Мама вначале была швеёй, потом, когда переехала в деревню, стала печь хлеб на заводе, затем работала дояркой, сейчас уже на пенсии. Отца уже нет давно, да и бабушка умерла.
— Как вы почувствовали призвание к священству?
— Поначалу у меня и примера как такого не было. Да, священник приезжал, но он был для меня недосягаем! Он был великим и божественным. Мне нравилось быть на Святой Мессе, мне интересно было смотреть на исповедальню. На первую исповедь я ездил в соседний город Новогрудок, потому что в нашем городе не было священника, который подготавливал детей к Таинствам.
Бабушка меня с братом завела в ризницу, тогда священник дал нам книжку, чтобы мы учили все молитвы. Когда мы их выучили, то священник спросил меня о десяти заповядях, о Деве Марии, я ответил, и он очень был доволен. Потом он исповедовал нас и преподал Первое Причастие, и потом я мог уже ходить каждые две недели на исповедь, когда приезжал священник.
Однажды во время исповеди священник сказал, что часто меня видит в храме, и спросил, не хочу ли я стать министрантом, то есть прислуживать на Святой Мессе. И я согласился. С того момента стал прислуживать в алтаре.

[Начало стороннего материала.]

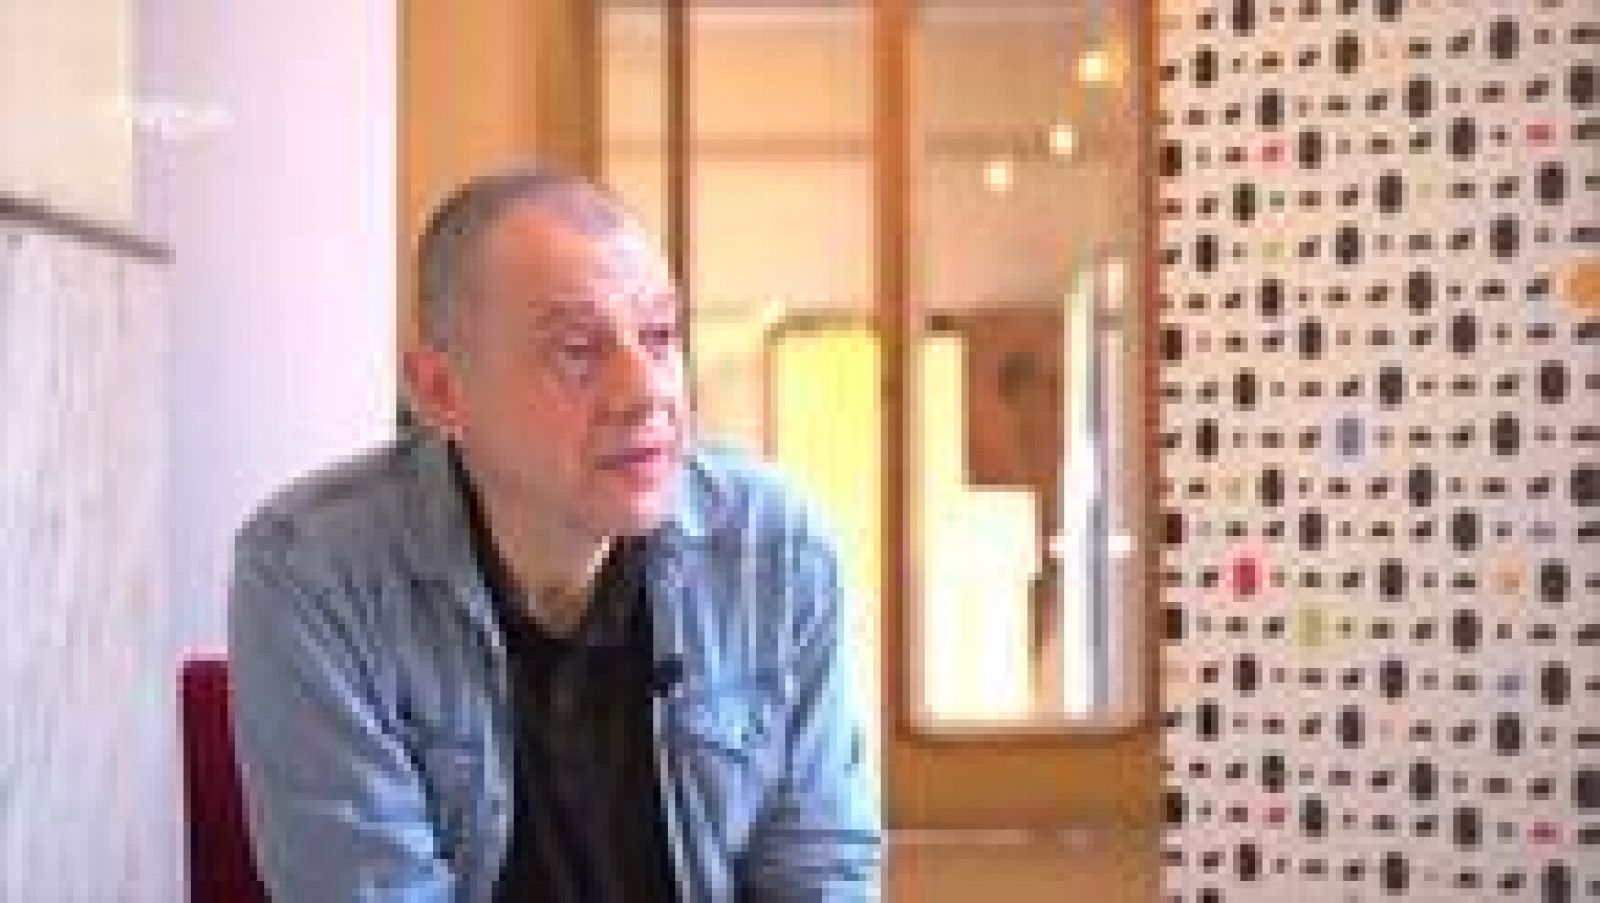  Entrevista con Lluís Pasqual, director de teatro

Отец этот не был салезианцем, он был епархиальным священником, и при этом казался недоступным, трудно было с ним поговорить. Когда он уже приезжал к нам в город, то это была уже третья или четвёртая Месса, которую он служил в окрестностях.

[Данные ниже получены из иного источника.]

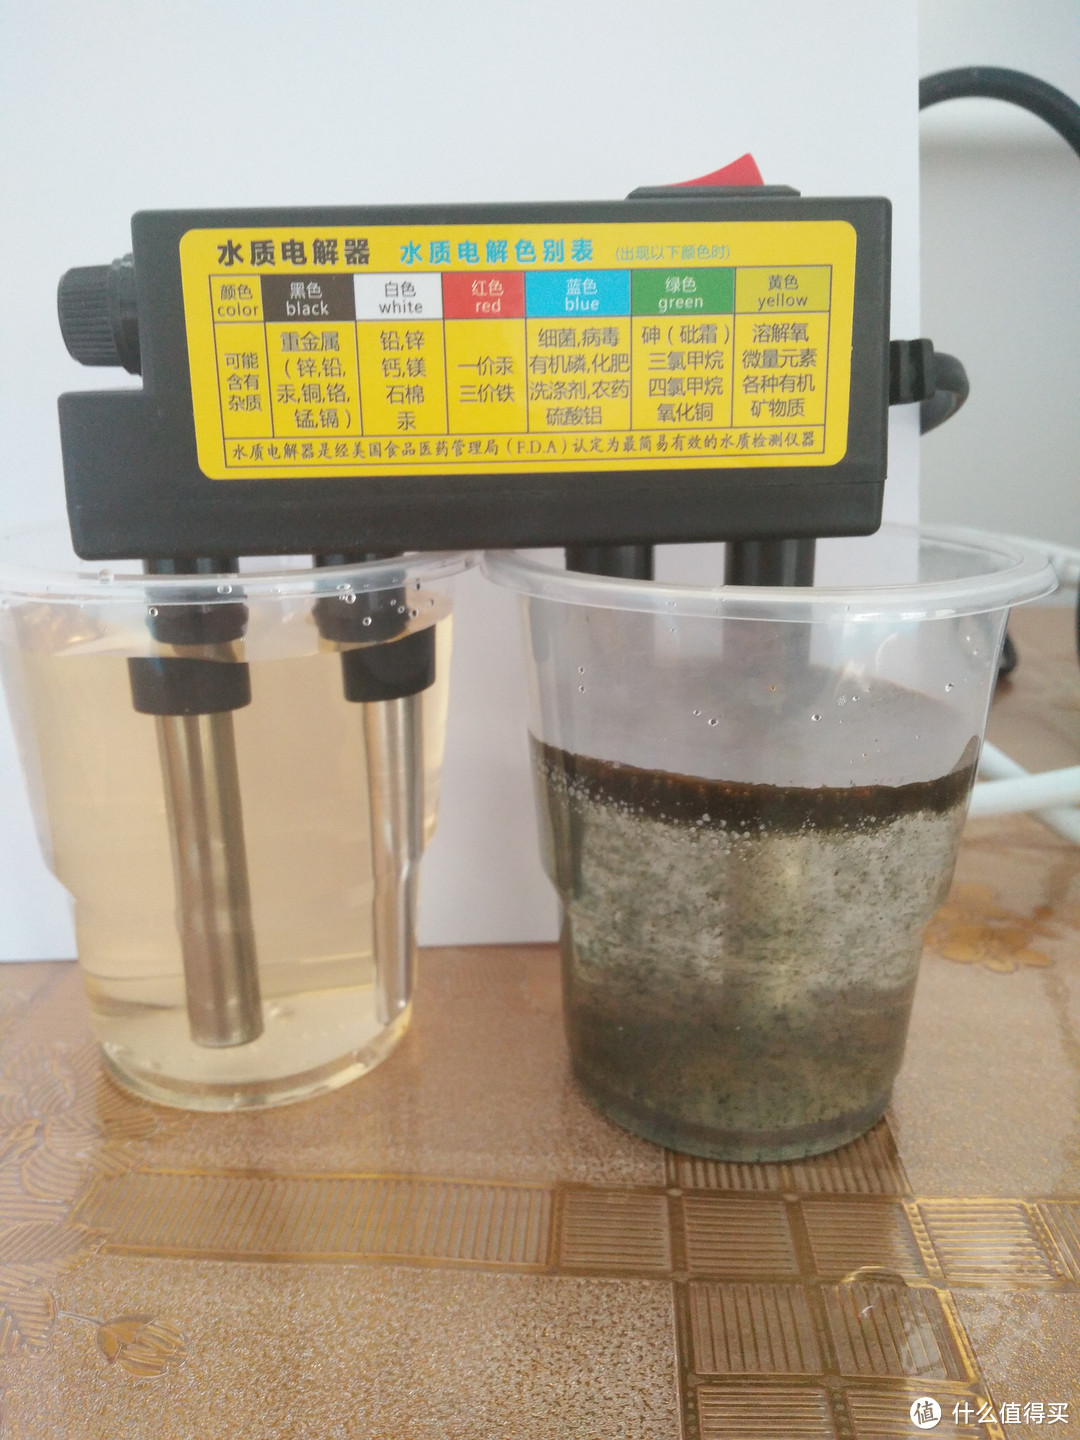 MI 小米 TDS 水质检测笔 & 水质电解器开箱附水质检测小实验

Когда салезианцы приехали служить к нам в Дятлово, они организовали приходские летние лагеря, я попал на трёхнедельный курс лекторов, которые могли бы читать чтения. Вот там я впервые увидел салезианцев и понял, что мне всё в них нравится, стал интересоваться и задавать вопросы — и священникам, и семинаристам, с которыми чувствовал себя более свободно. Один из них настолько чётко мне рассказал о харизме ордена, что тем самым помог найти себя, найти салезианское призвание.
Этот семинарист потом ушёл из ордена и даже в храм перестал ходить. Вот как бывает. Я позже пытался его как-то уговорить вернуться в Церковь, а ведь он когда-то помог мне распознать призвание. Но, наверное, работа, которую он имеет, и деньги, которые получает, затмили призвание быть христианином. Очень жаль.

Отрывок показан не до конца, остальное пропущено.